Bitmap/HLL data format
Bitmap format
Format description
The bitmap in Doris uses roaring bitmap storage, and the be side uses CRoaring. The serialization format of Roaring
is compatible in languages such as C++/java/go, while the serialization result of the format of C++ Roaring64Map
is the same as that of Roaring64NavigableMap
in Java. Not compatible. There are 5 types of Doris bimap, each of which is represented by one byte
The bitmap serialization format in Doris is explained as follows:
| flag | data .....|
<--1Byte--><--n bytes-->
The Flag value description is as follows:
Value | Description |
---|---|
0 | EMPTY, empty bitmap, the following data part is empty, the whole serialization result is only one byte |
1 | SINGLE32, there is only one 32-bit unsigned integer value in the bitmap, and the next 4 bytes represent the 32-bit unsigned integer value |
2 | BITMAP32, 32-bit bitmap corresponds to the type org.roaringbitmap.RoaringBitmap in java. The type is roaring::Roaring in C++, and the following data is the structure after the sequence of roaring::Roaring.
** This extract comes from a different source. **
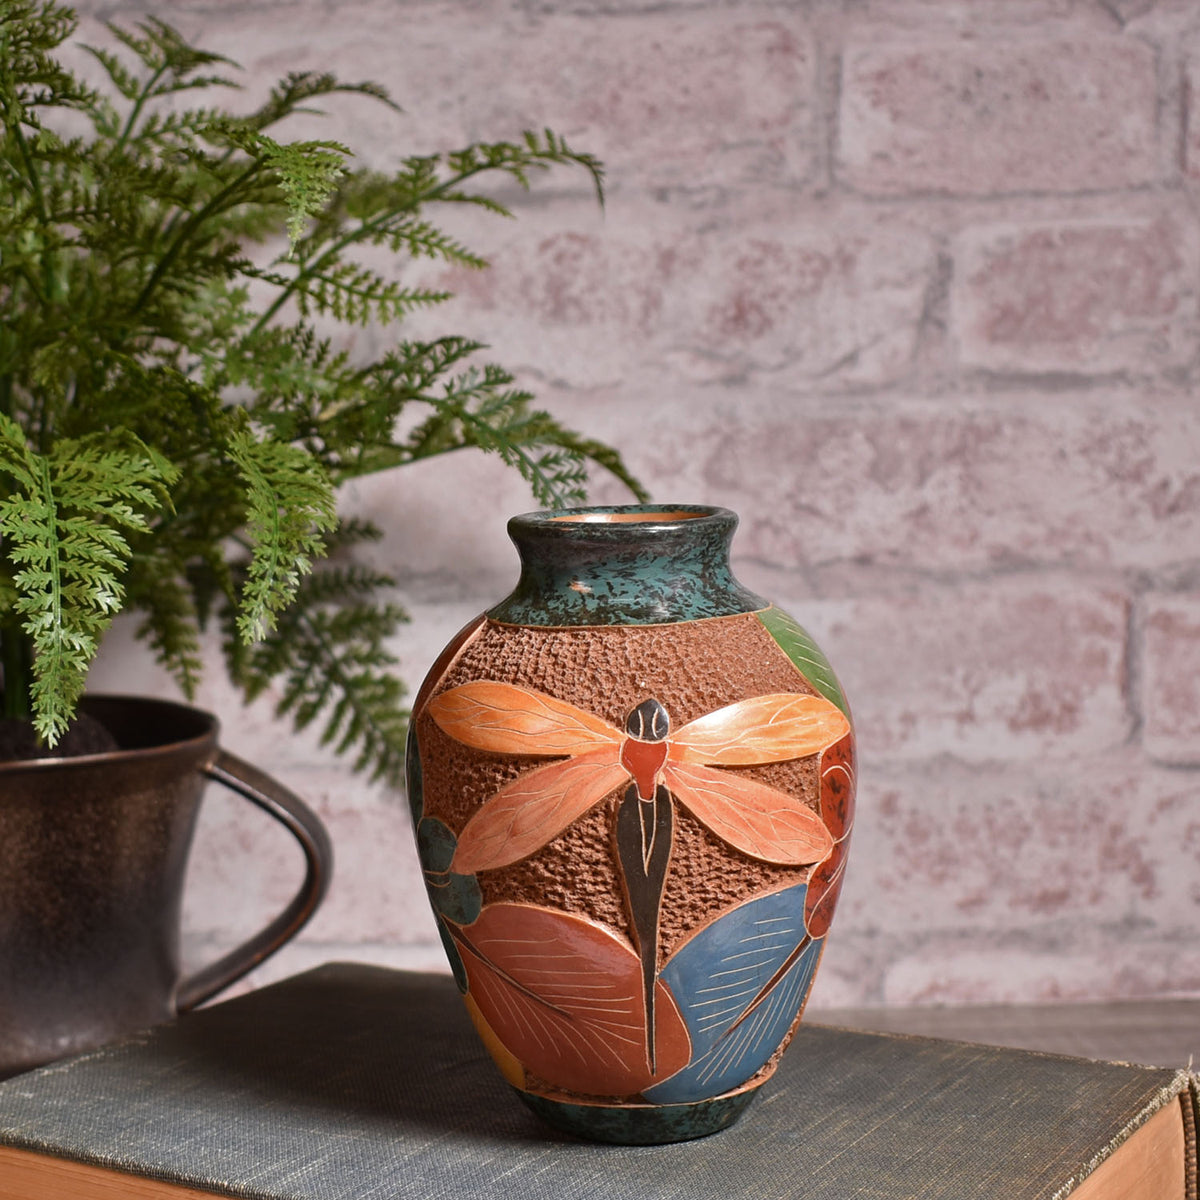 Heart Garden Soapstone Pen Cup Vase, Handcrafted in Kenya, Purple

You can use org in java. .roaringbitmap.RoaringBitmap or roaring::Roaring in c++ directly deserialize |
3 | SINGLE64, there is only one 64-bit unsigned integer value in the bitmap, and the next 8 bytes represent the 64-bit unsigned integer value |
4 | BITMAP64, 64-bit bitmap corresponds to org.roaringbitmap.RoaringBitmap in java; Roaring64Map in doris in c++. The data structure is the same as the result in the roaring library, but the serialization and deserialization methods It is different, there will be 1-8 bytes of variable-length encoding uint64 in the bitmap representation of the size. The following data is a series of multiple high-order representations of 4 bytes and 32-bit roaring bitmap serialized data repeated |
5 | SET, When the number of values in the bitmap is greater than one and less than 32, the BitmapValue actually uses a hash set to store the values. The data structure: A uint8_t of one byte represents the number of values, followed by the values themselves (8 bytes each, uint64_t). | |
C++ serialization and deserialization examples are in the BitmapValue::write()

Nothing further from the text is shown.